Just got off the phone with the local Chevy dealer. Parts guy quoted me $49.73 each for a set of gas tank brackets.

Gasp.

NAPA says they're dealer only. Anyone know of an aftermarket source, or do I just have to bite the bullet. Old tank (leaky) is out, have new tank & straps, but the brackets are rusted pretty bad, only the 4" or so near the frame are still solid.

TIA,

Richard


----------



## frahmie (Feb 3, 2000)

Well, one thing you could try is the local junk yard. you could probebly pick up a set cheap and clean them up a little. or maybe a JC Whitney catalog might have new ones.

frahmie


----------



## 525 (Feb 27, 2000)

LMC Truck has them. They list them as a set for 73-87 for $29.95 plus shipping. If you want to order a catalog 1-800-222-5664.
Hope this helps. JB


----------



## 525 (Feb 27, 2000)

The price was for straps. They do not seem to have the brackets, sorry for the mis info. JB


----------



## yortengel (Mar 12, 2000)

I think your stuck. I have replaced them on both sides of my truck. I leave the skid plate off. This stops the tank from rusting as fast.


----------



## Abe (Jan 19, 2000)

ya gotta bite the bullet this time I believe, I had to replace them on mine too.

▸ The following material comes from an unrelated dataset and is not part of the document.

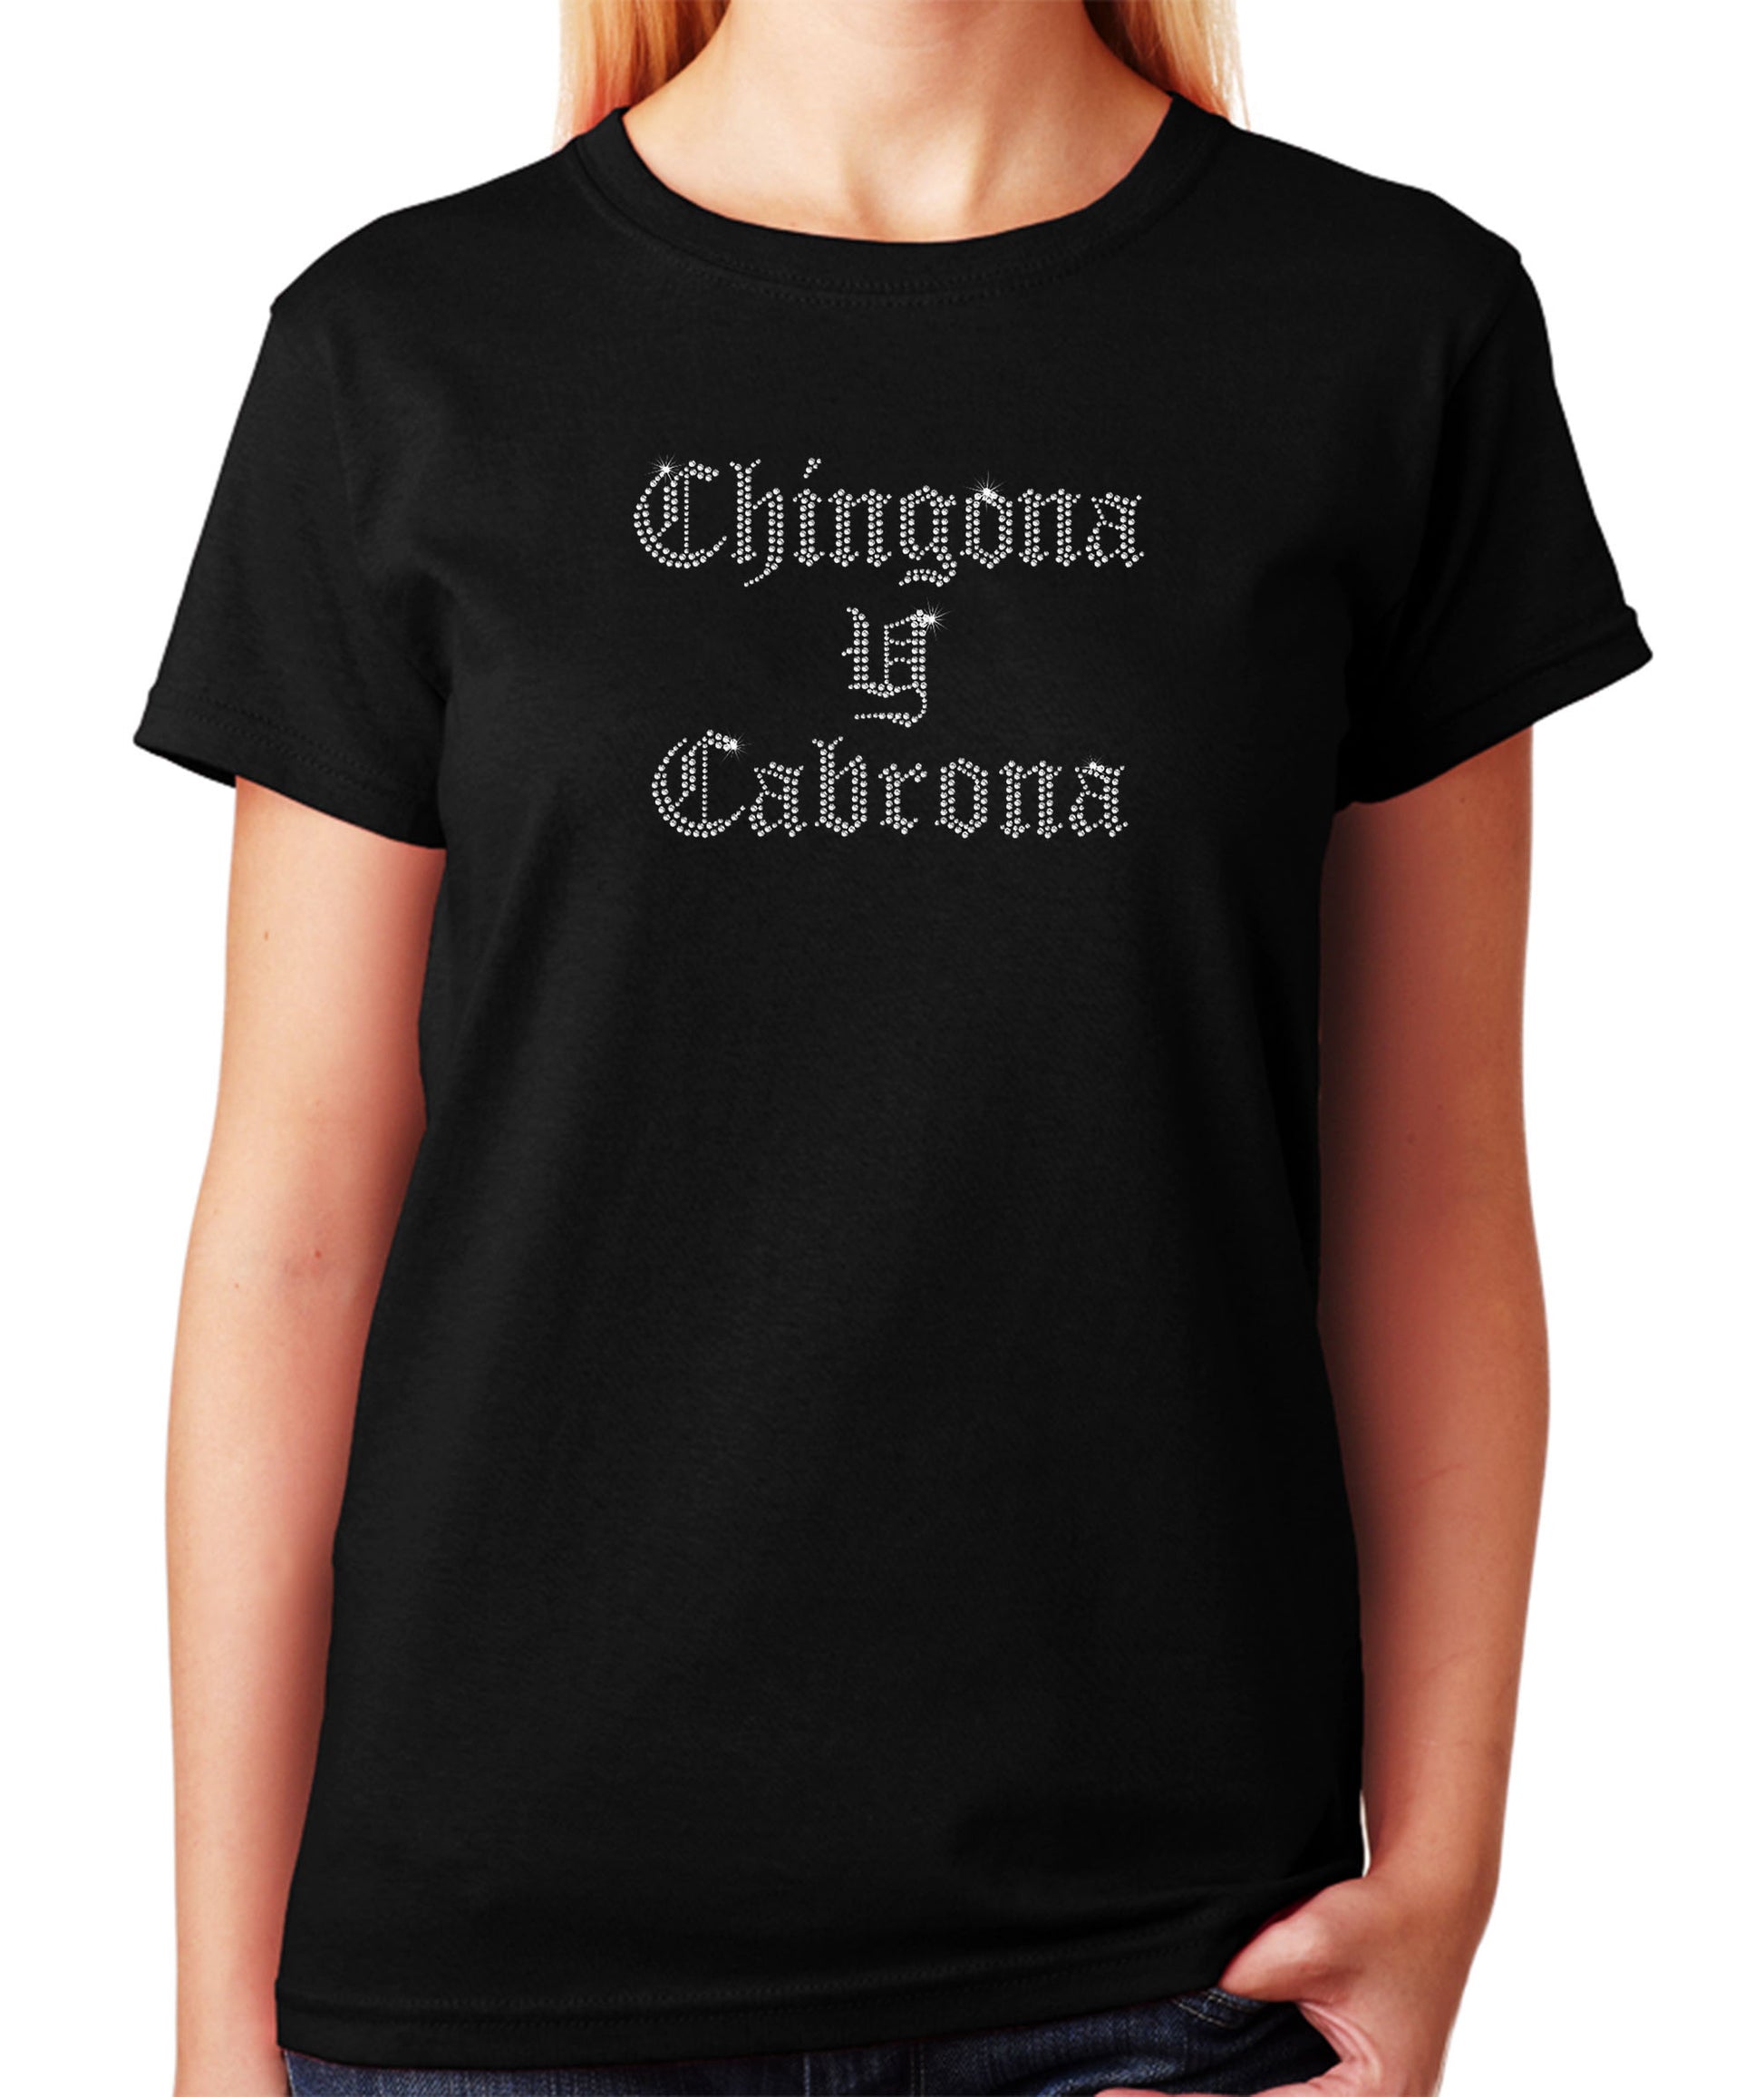 Women's / Unisex T-Shirt with Chingona y Cabrona in Rhinestones

I took the gas tank and the straps and went to the local auto zone and bought some truck bed liner in the spray can, comes in a can like spray paint, anyway I sprayed the whole damn tank except for where the sending unit mounts up, NO RUST, did the same on the bottom 8 inches all the way around the truck and under the cab on the bottom cab floor and up the fire wall, along with the insides of the fenders and wheel wells, all sealed, cost me less than a $100.00 and no damn rust anymore!!!!!

-Abe


----------



## 350305 (Aug 28, 2001)

*gas brackets*

if your still looking, you can get them at www.americanclassic.com
had this same problem, took me forever to find them.


----------